4.1.1 A data set containing a single variable usually consists of a column of numbers. Each row is a separate observation or instance of measurement of the variable. The numbers themselves are the result of applying the measurement process to the variable being studied or observed. We may refer to each observation of a variable as an item in the data set. In many situations, there may be several variables defined for study.

4.1.2 The sample is selected from a larger set called the population. The population can be a finite set of items, a very large or essentially unlimited set of items, or a process. In a process, the items originate over time and the population is dynamic, continuing to emerge and possibly change over time. Sample data serve as representatives of the population from which the sample originates. It is the population that is of primary interest in any particular study.

4.2 The data (measurements and observations) may be of the variable type or the simple attribute type. In the case of attributes, the data may be either binary trials or a count of a defined event over some interval (time, space, volume, weight, or area). Binary trials consist of a sequence of 0s and 1s in which a “1” indicates that the inspected item exhibited the attribute being studied and a “0” indicates the item did not exhibit the attribute. Each inspection item is assigned either a “0” or a “1.” Such data are often governed by the binomial distribution. For a count of events over some interval, the number of times the event is observed on the inspection interval is recorded for each of n inspection intervals. The Poisson distribution often governs counting events over an interval.

4.3 For sample data to be used to draw conclusions about the population, the process of sampling and data collection must be considered, at least potentially, repeatable. Descriptive statistics are calculated using real sample data that will vary in repeating the sampling process. As such, a statistic is a random variable subject to variation in its own right. The sample statistic usually has a corresponding parameter in the population that is unknown (see Section 5). The point of using a statistic is to summarize the data set and estimate a corresponding population characteristic or parameter, or to test a hypothesis.

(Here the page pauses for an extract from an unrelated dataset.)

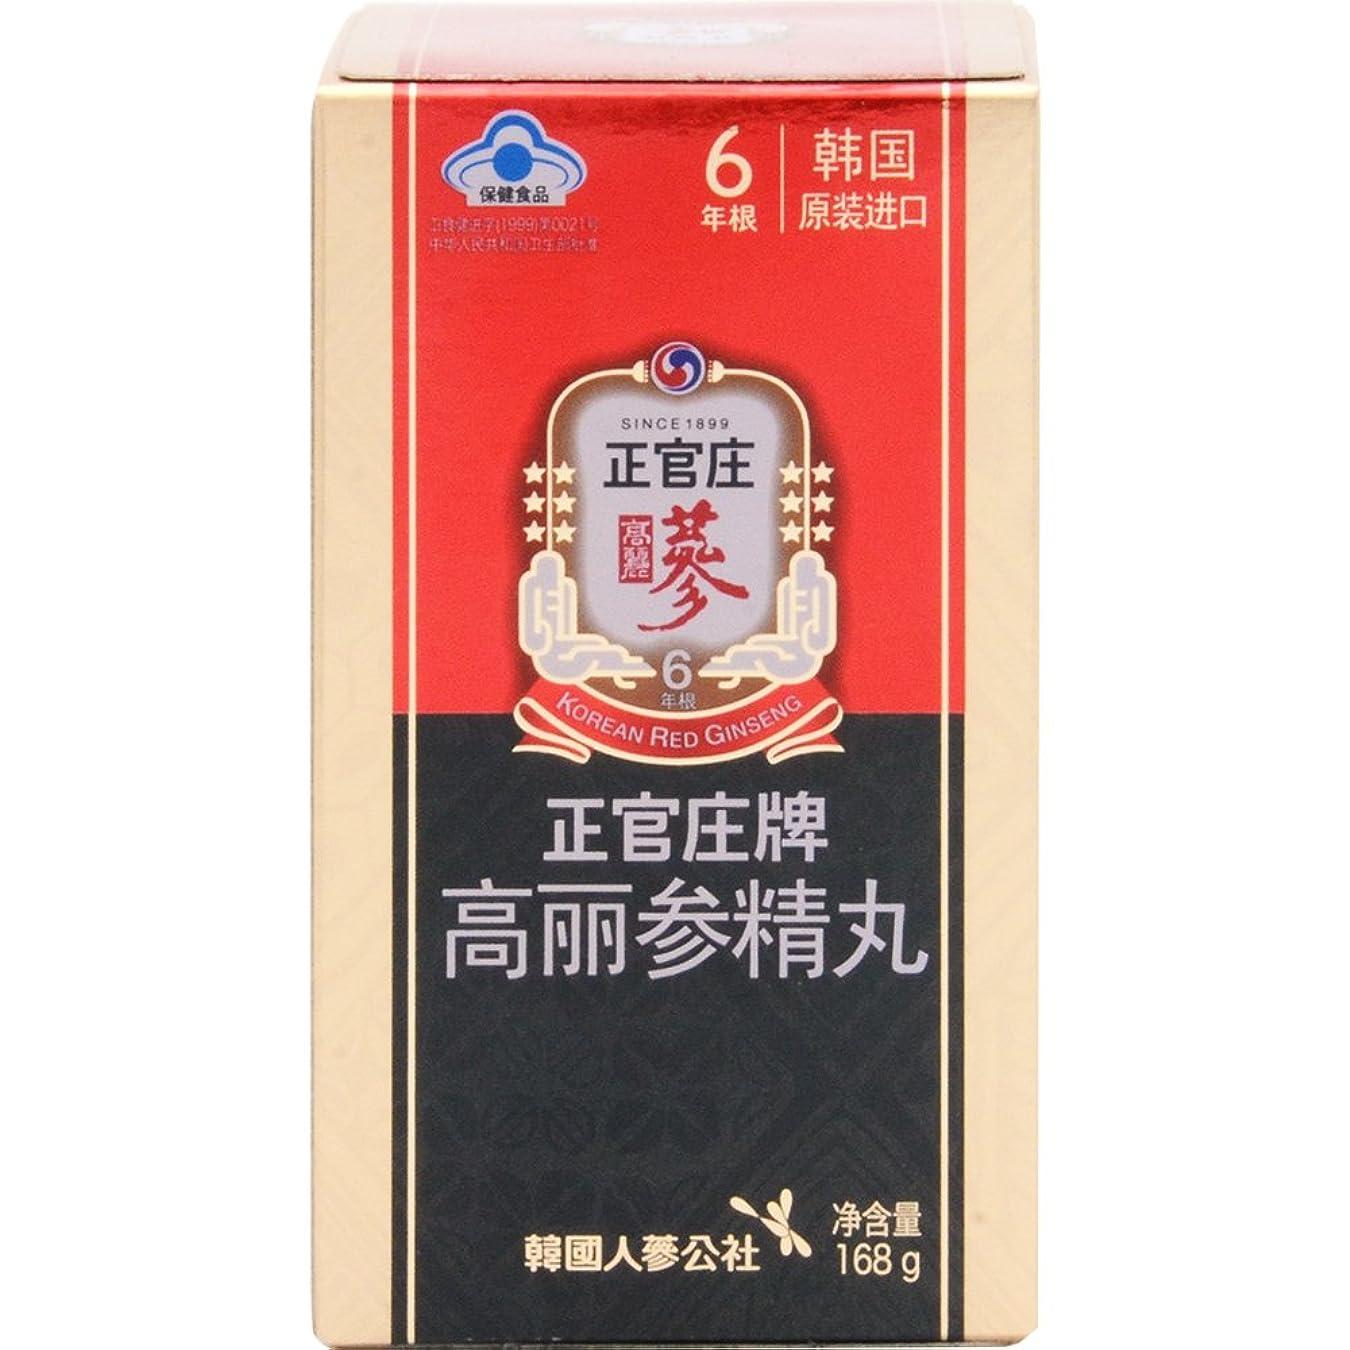 肌実現可能礼儀韓国紅参ブランド『正官庄』(6年高麗人参)紅参精丸168g(800丸入り)

4.4 Descriptive statistics consider numerical, tabular, and graphical methods for summarizing a set of data. The methods considered in this practice are used for summarizing the observations from a single variable. The descriptive statistics described in this practice are: mean, median, min, max, range, mid range, order statistic, quartile, empirical percentile, quantile, interquartile range, variance, standard deviation, Z-score, coefficient of variation, and skewness and kurtosis.

4.5 Statistical inference is drawing conclusions about the population or its parameters. Methods for statistical inference described in this practice are: degrees of freedom, standard error, confidence intervals, prediction intervals, tolerance intervals, and statistical hypothesis tests.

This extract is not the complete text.